Once *pub*, as a package manager, was built and shipped, there were
various opinions on whether it or another tool should play a build/asset
system role, and the current implementation of pub does via "pub serve",
"pub build", and asset transformers (commonly called "transformers").
The reason we chose to bake the build system into pub is a little obscure,
but I think it was based on a reasonable goal. The idea was this: Let's say
you're using some groovy widget package called, uh, "dootstrap". It exposes
a CSS file that your app can use. This is a bread-and-butter use case for a
package manager like pub: You depend on the dootstrap package, and then you
reference the CSS file using some path that the package manager sets up for
you.

The use case we wanted to support was, *that CSS file might actually be
generated by a build step*. The maintainers of dootstrap could actually
author it as a SASS <http://sass-lang.com/> file and then build the CSS
from that. To you, as a *user* of dootstrap/widgets.css, that's purely an
implementation detail. All you care is that the CSS is made available to
you *somehow*.

OK, so the easy solution is to have the dootstrap maintainers just rebuild
the CSS file and check it into the package. In other words, the build step
is run at maintainer-time before the package is shipped. That generally
works OK, but consider a more complex use case:

Let's you're working on an application called my_rad_game. It uses some
third-party 3D models (of goats — your game is about goats) from a package
called goat_models. Those models are loaded and rendered by a 3D engine
your game uses called engine_3d. So the goat_models packages needs to
expose these models as files in a form that the engine can read and load at
runtime. Again, the maintainers of goat_models could run the build step to
generate those model files and add them the goat_models package before
publishing it.

Here's where it gets tricky. Different versions of engine_3d may change the
model format. Maybe engine_3d version 2.0.0 starts compressing floating
point values or something. If the maintainers of goat_models ran an old
version of engine_3d's model builder and I'm using a new version of
engine_3d, then it won't be able to load the old models. I really need to
ensure that the *same* version of engine_3d is used to build the models and
the load them at runtime.

This is even harder because goat_models — like any good package — wants to
support a range of versions of engine_3d. If it has to contain the
pre-built models, that may lock it down to an artificially narrow range of
versions and make it harder for users to consume the package.

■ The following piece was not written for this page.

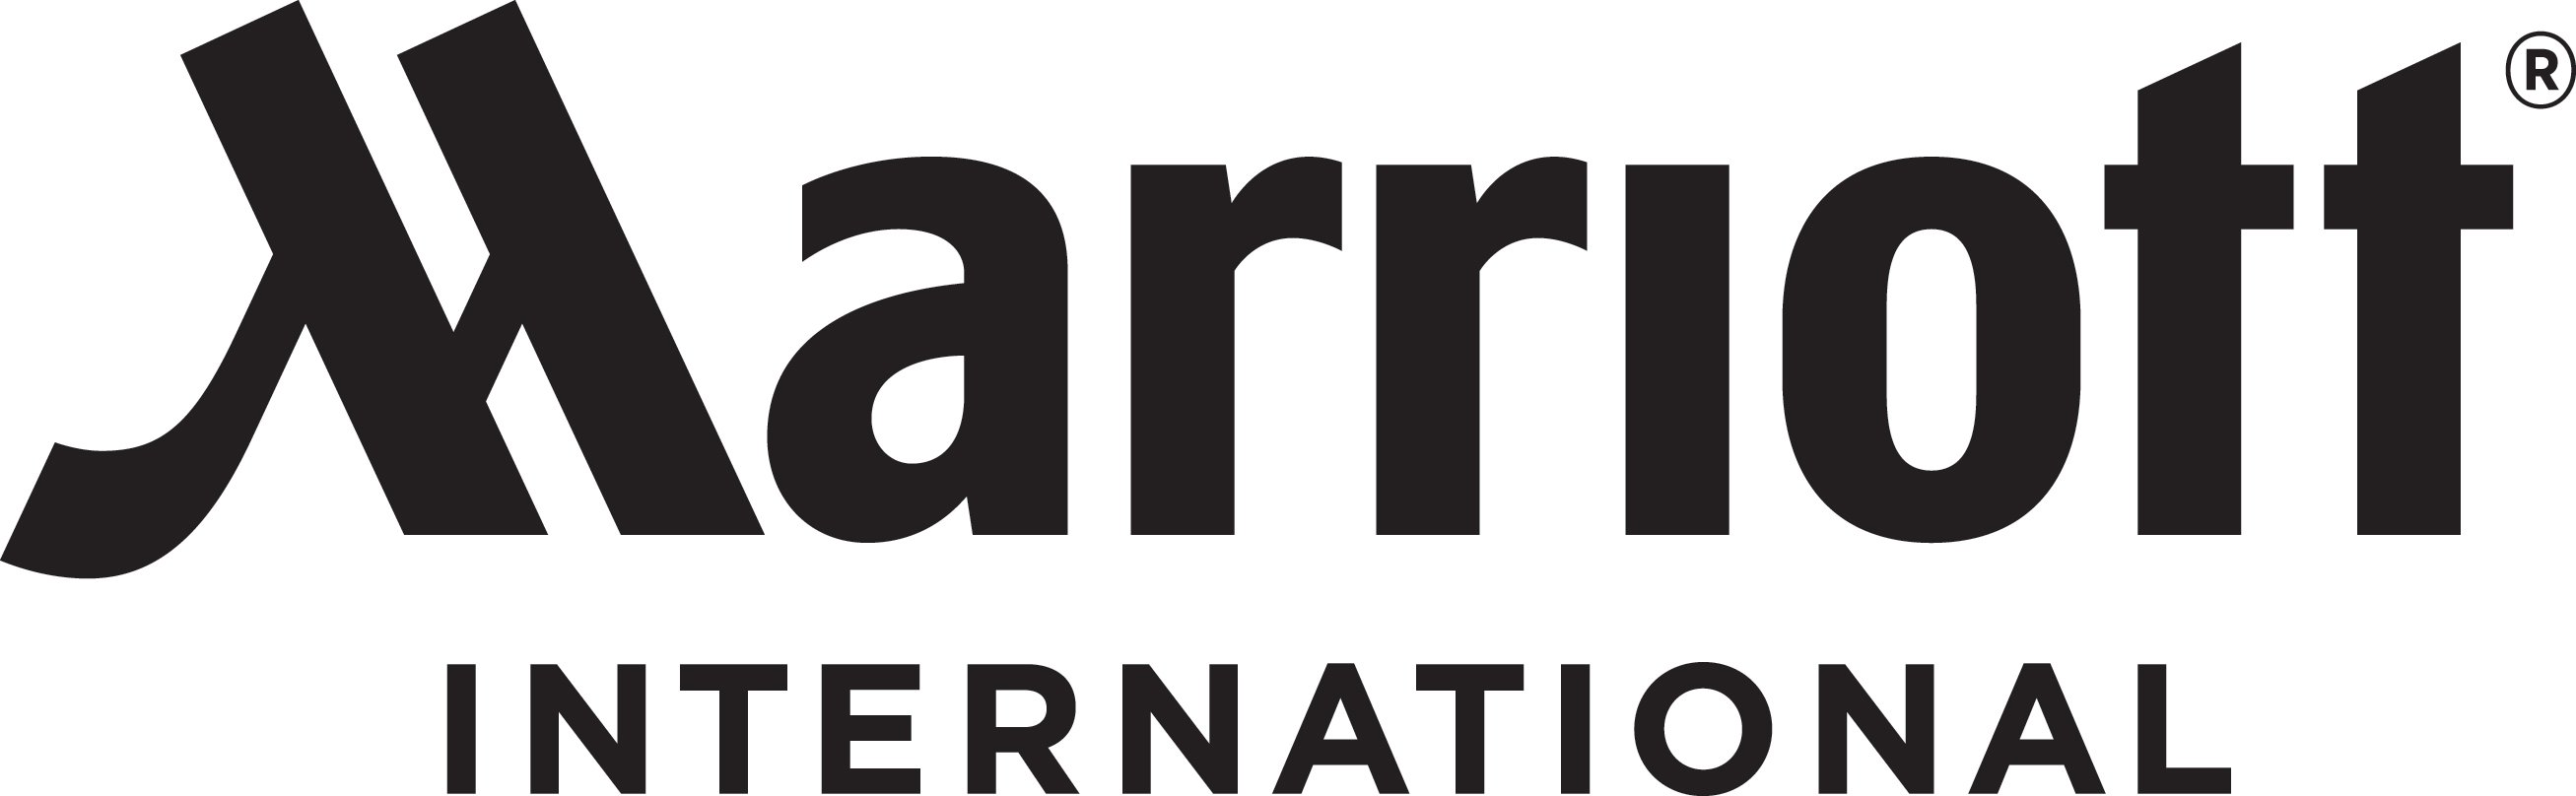 Marriott International | Hospitality Investor

So, our idea was that we would delay the build step until *after* pub has
resolved all of your dependencies. Then it would run any build steps right
then, using the exact versions of the dependencies that your application
itself uses. That way, you're guaranteed to have your build steps and your
runtime use of the resulting assets in sync with each other.

Since that needed to happen after dependency resolution had happened, we
felt it made sense to make it part of the package manager.

(In retrospect, a separate build system that runs *after* pub also works.)
Post by Matan Lurey
This worked well enough for small/medium-ish size projects, but broke down
quite a bit once your project(s) got larger - designed to be an in-memory
monolithic transformation system, not a scaleable, modular build system.
Pub build/serve is in-memory (and its one of the design choices we knew was
risky at the time), but it's not monolithic. It actually has a pretty smart
dependency graph system internally and knows exactly which transformations
need to be re-run when a source file has changed.

The problem isn't that the build system is monolithic, it's that using it
to generate *Dart code that relies on static analysis is*. Pub's build
system was designed for building *data,* not statically-analyzed code.
Worse, because Dart freely allows cyclic imports, it's even hard to
statically analyze it in a modular fashion. That's why all of our other
build tools have to do this extra work around finding "library cycles" and
stuff like that. The language simply wasn't designed for modularity.

Using pub's build system for code generation is just a poor fit. It was the
best tool we had at the time, but it was never designed for that task.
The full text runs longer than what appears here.